▶ **Information supplied**:
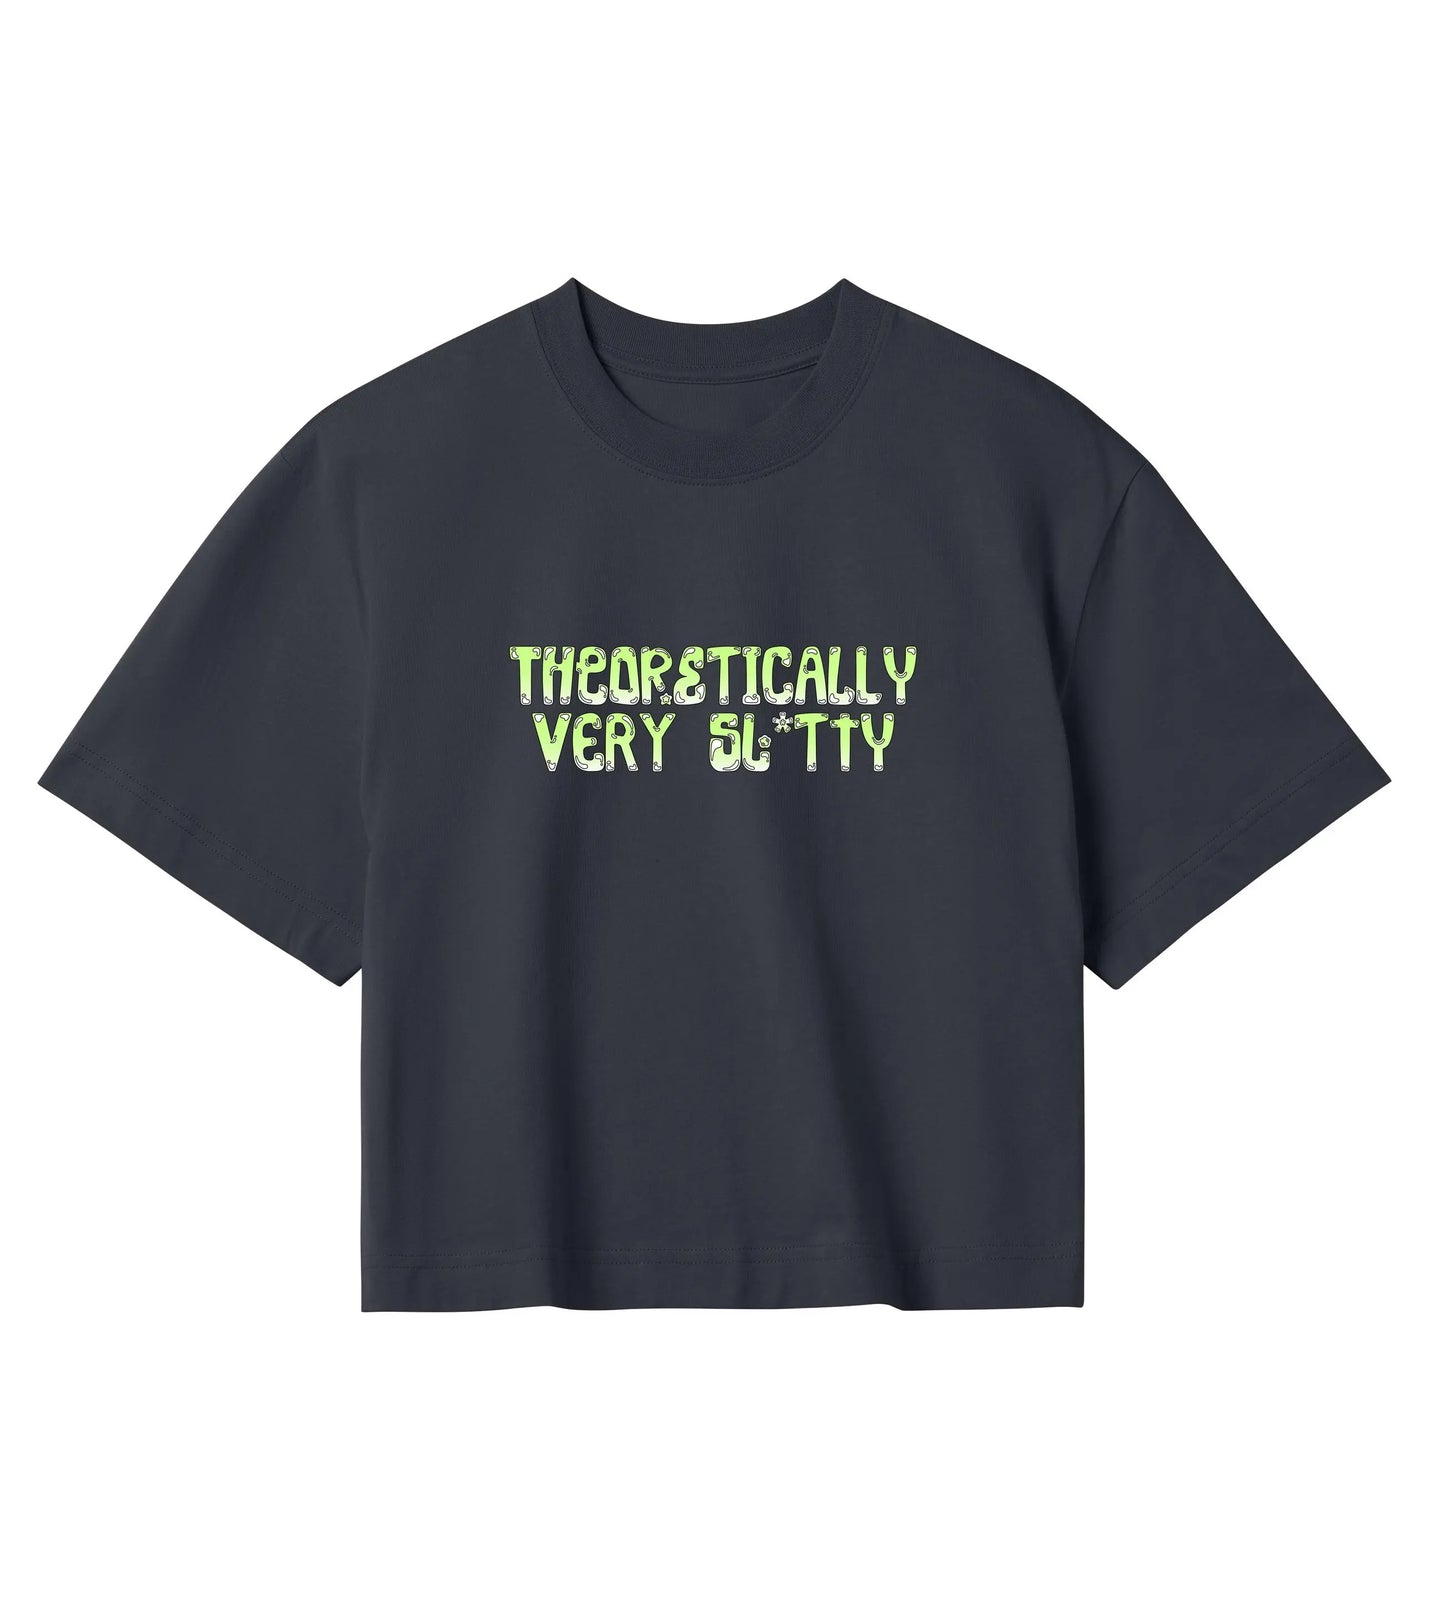 theoretically very sl*tty - Crop Top Pride Shirt
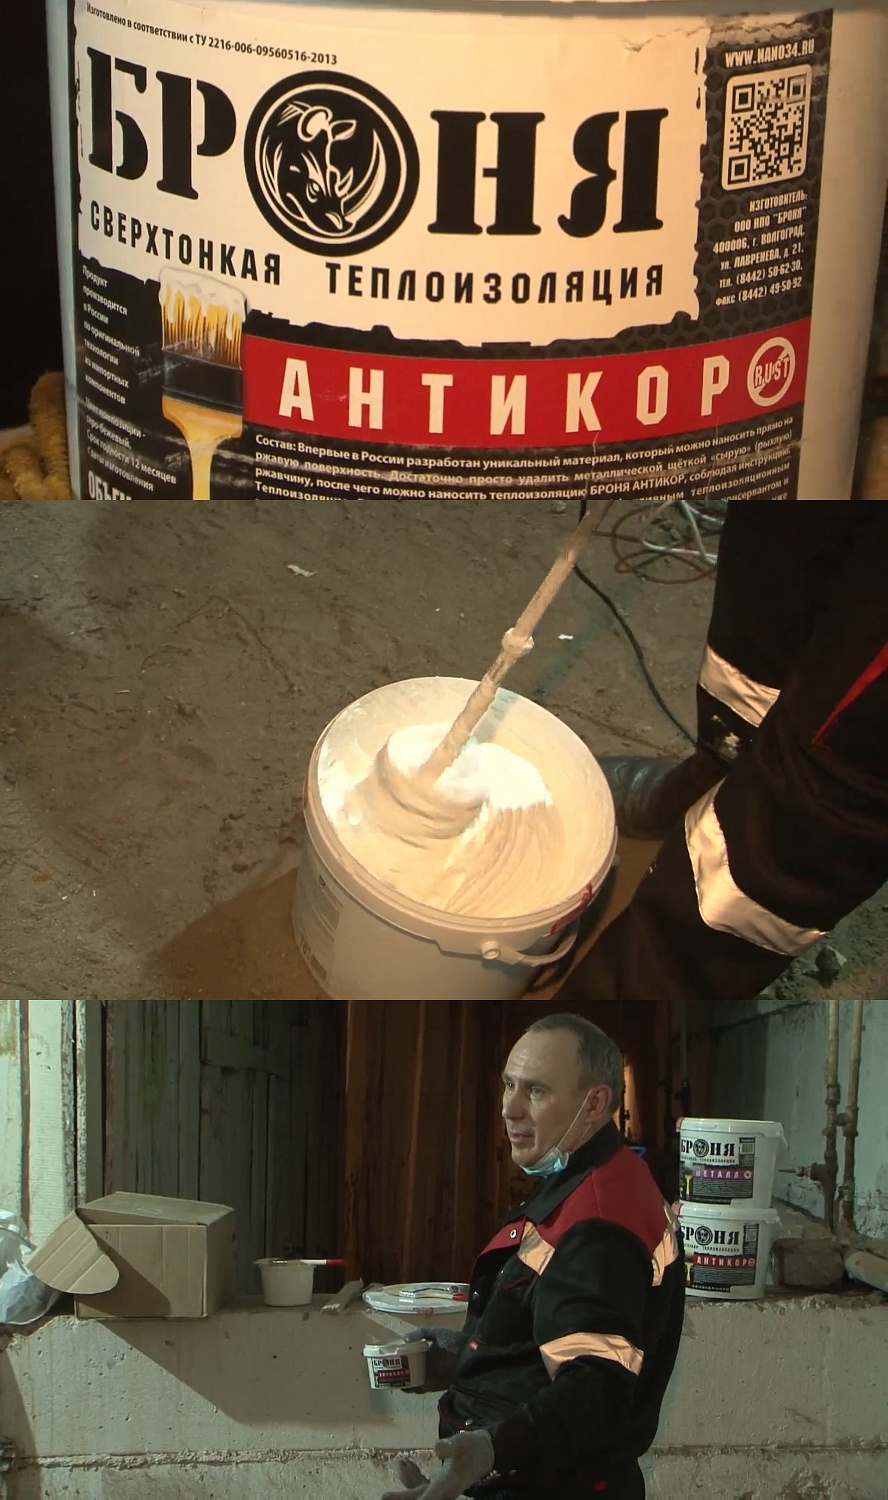 Important! TV report "Thermal insulation Bronya Antikor in ZhKK in Belogorsk, Amur Region" (photo preview + video footage)
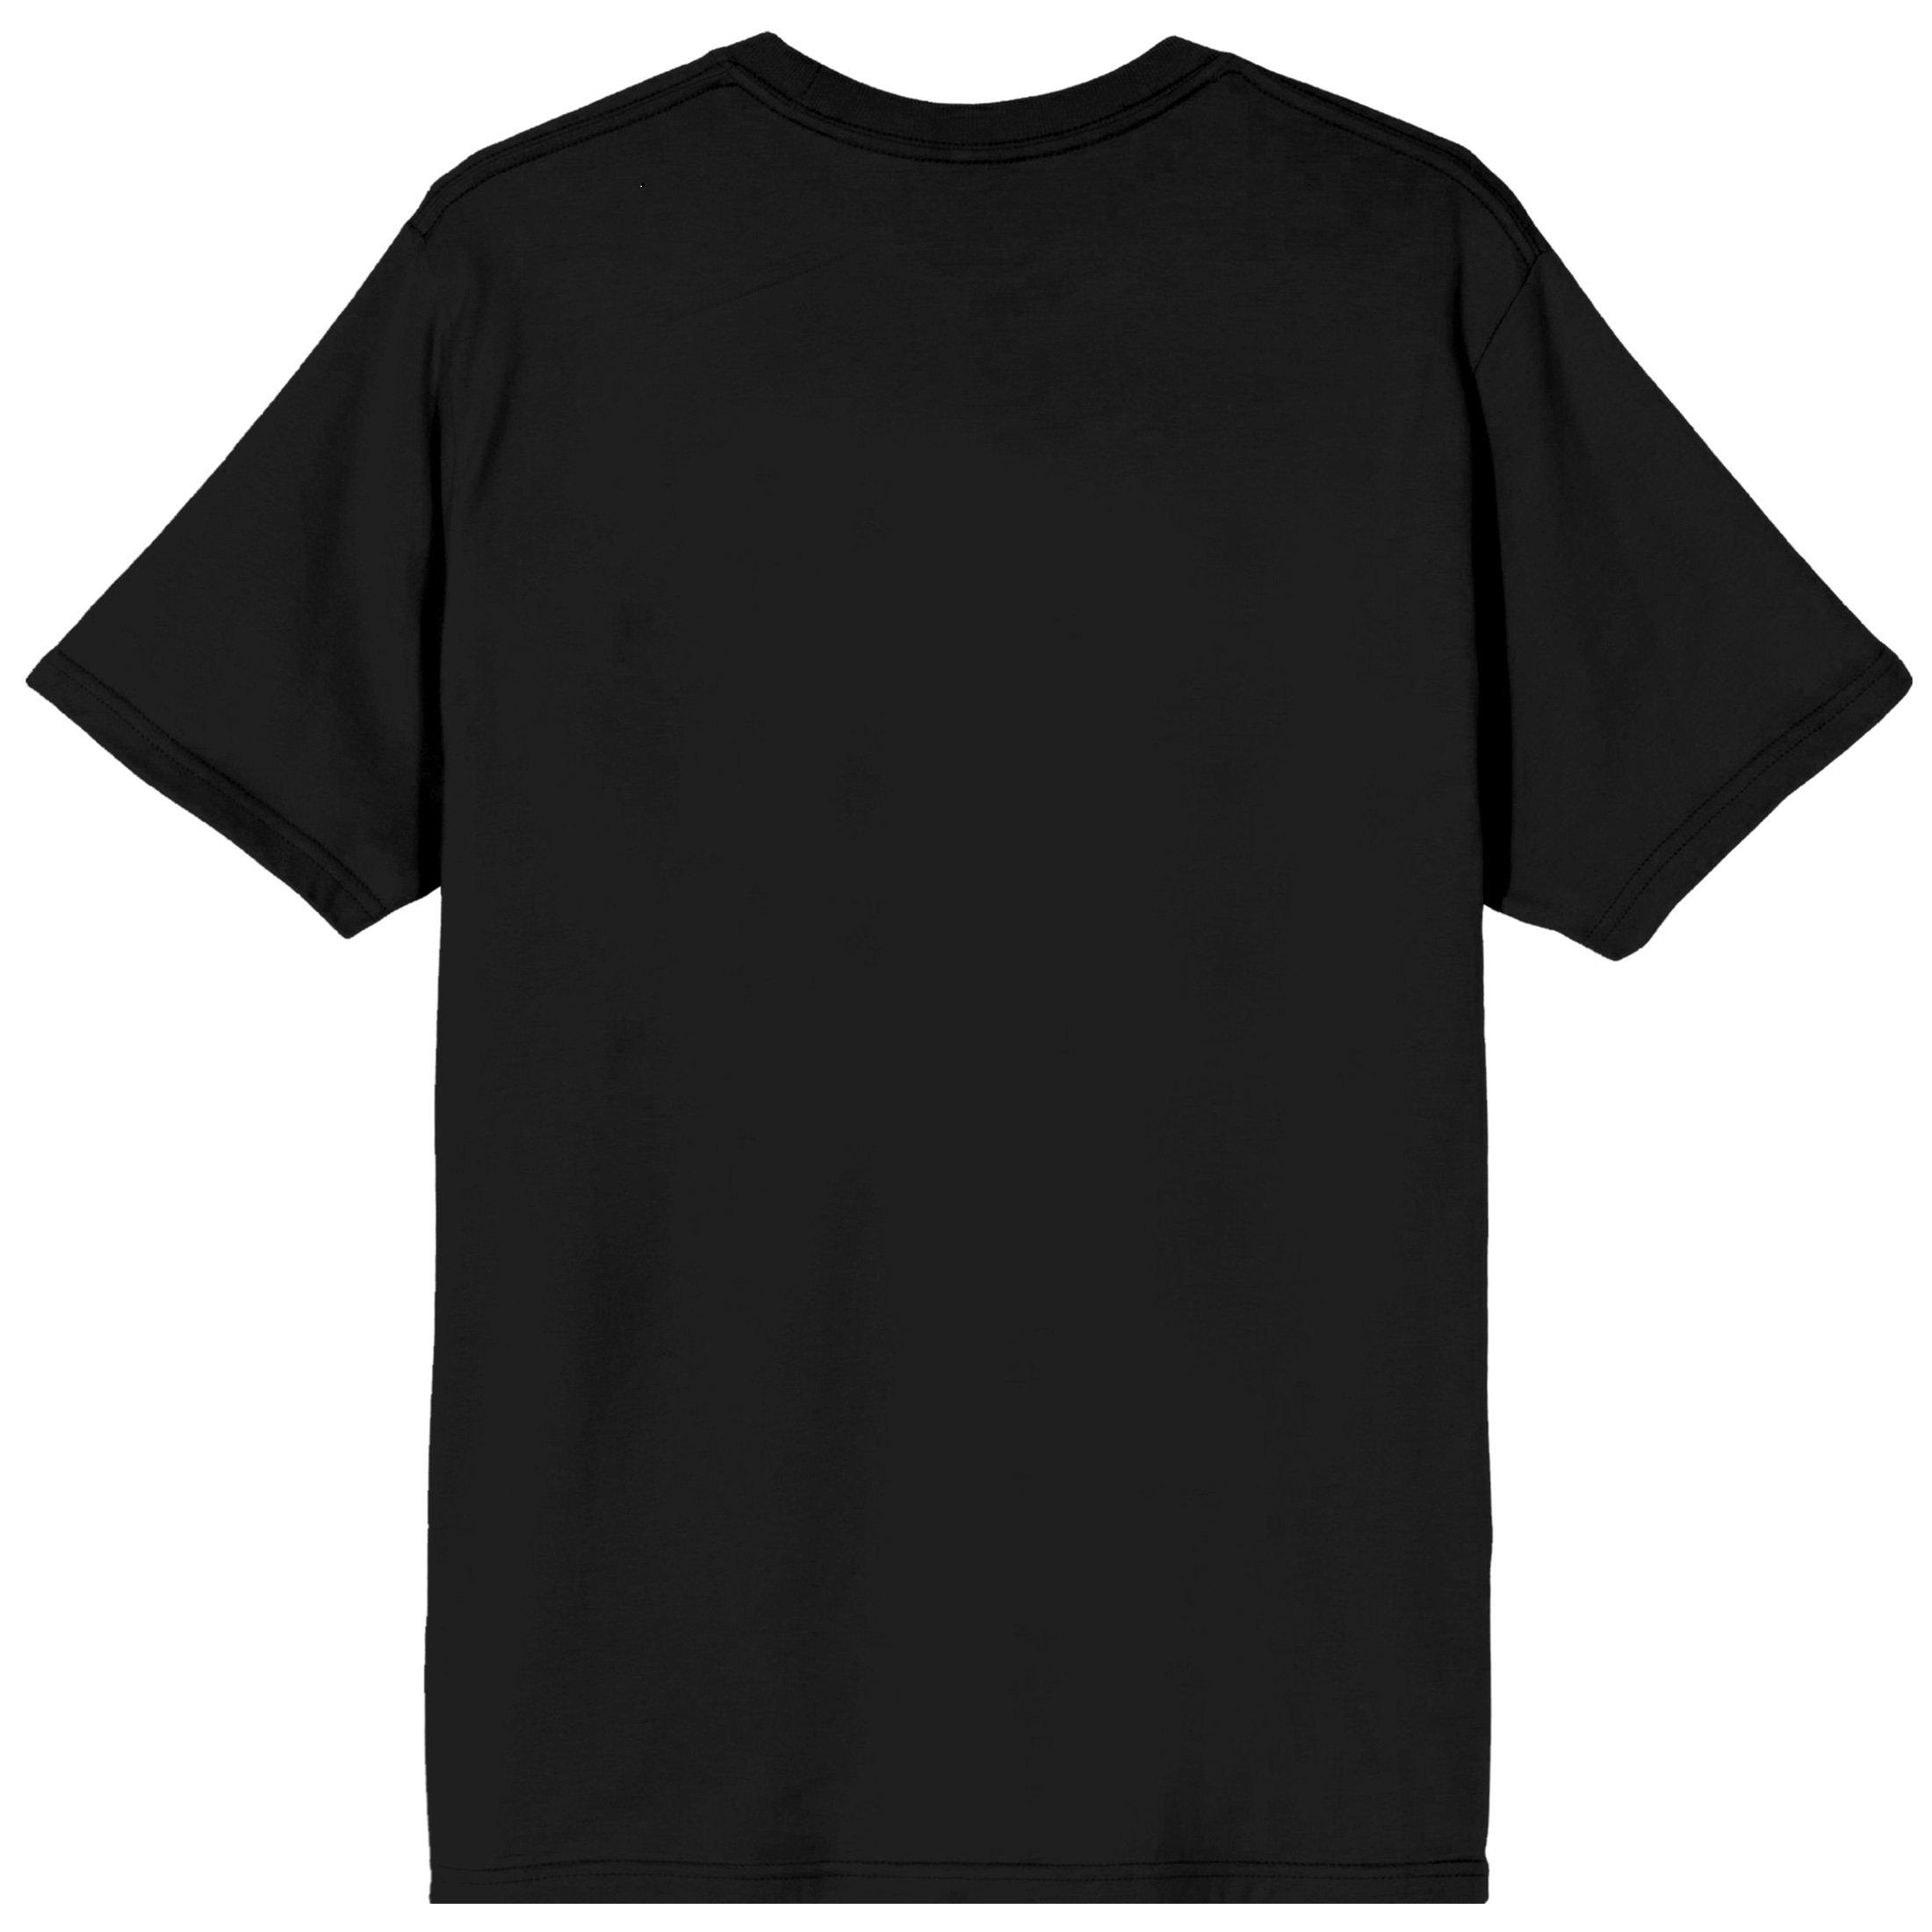 Dragon Ball Z Anime Cartoon Characters Men's Black Short Sleeve Graphic T-Shirt
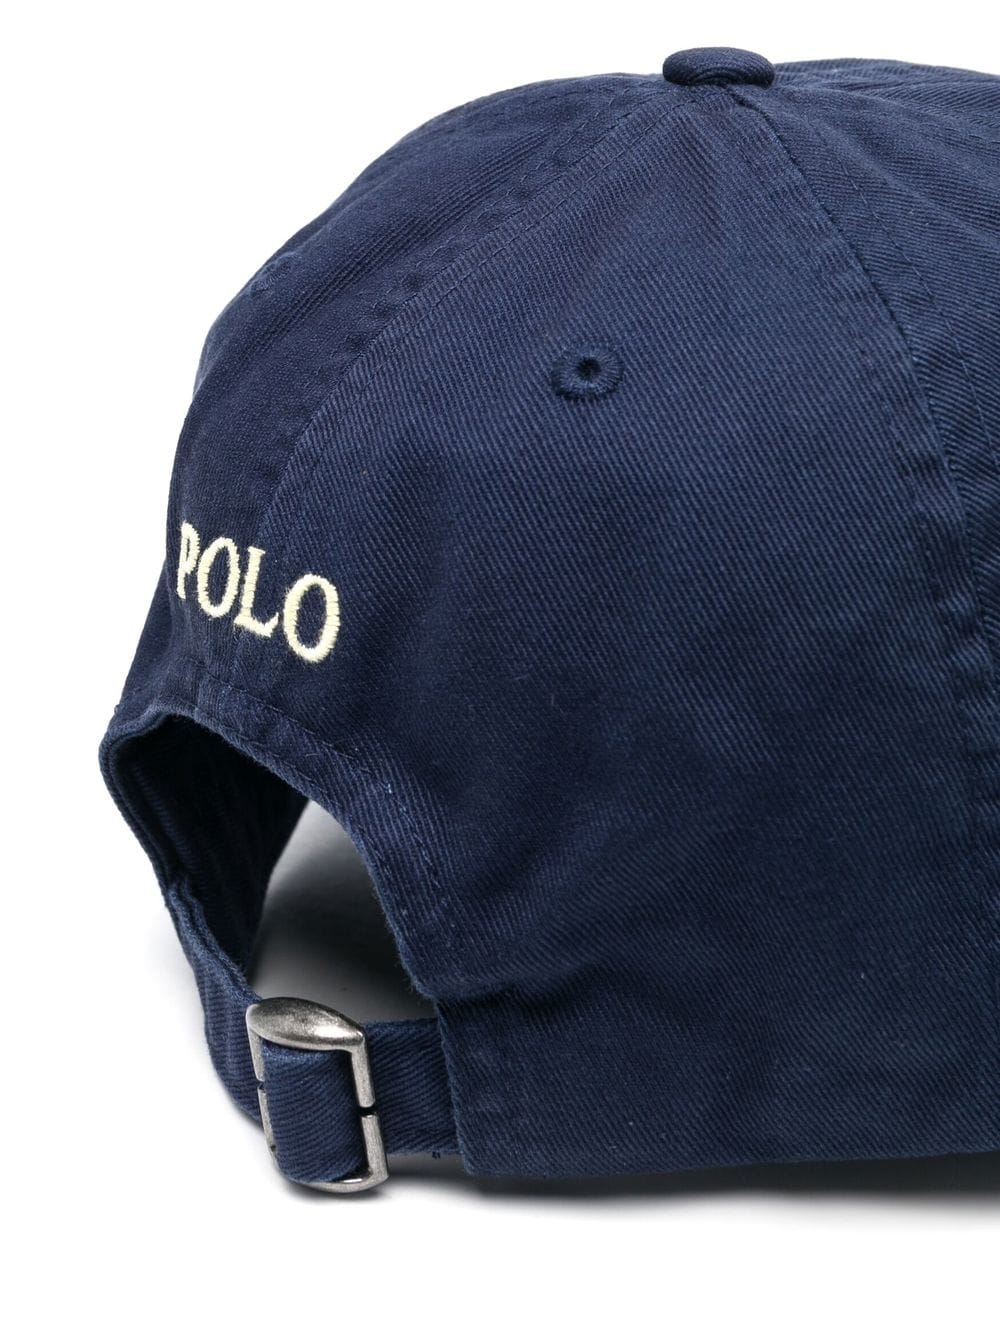 'Polo Pony' cotton baseball cap

▶ **Task directions**: Transcribe everything above exactly. Do not include the pictures.

▶ **Answer**:
 theoretically very sl*tty - Crop Top Pride Shirt
 Important! TV report "Thermal insulation Bronya Antikor in ZhKK in Belogorsk, Amur Region" (photo preview + video footage)
 Dragon Ball Z Anime Cartoon Characters Men's Black Short Sleeve Graphic T-Shirt
 'Polo Pony' cotton baseball cap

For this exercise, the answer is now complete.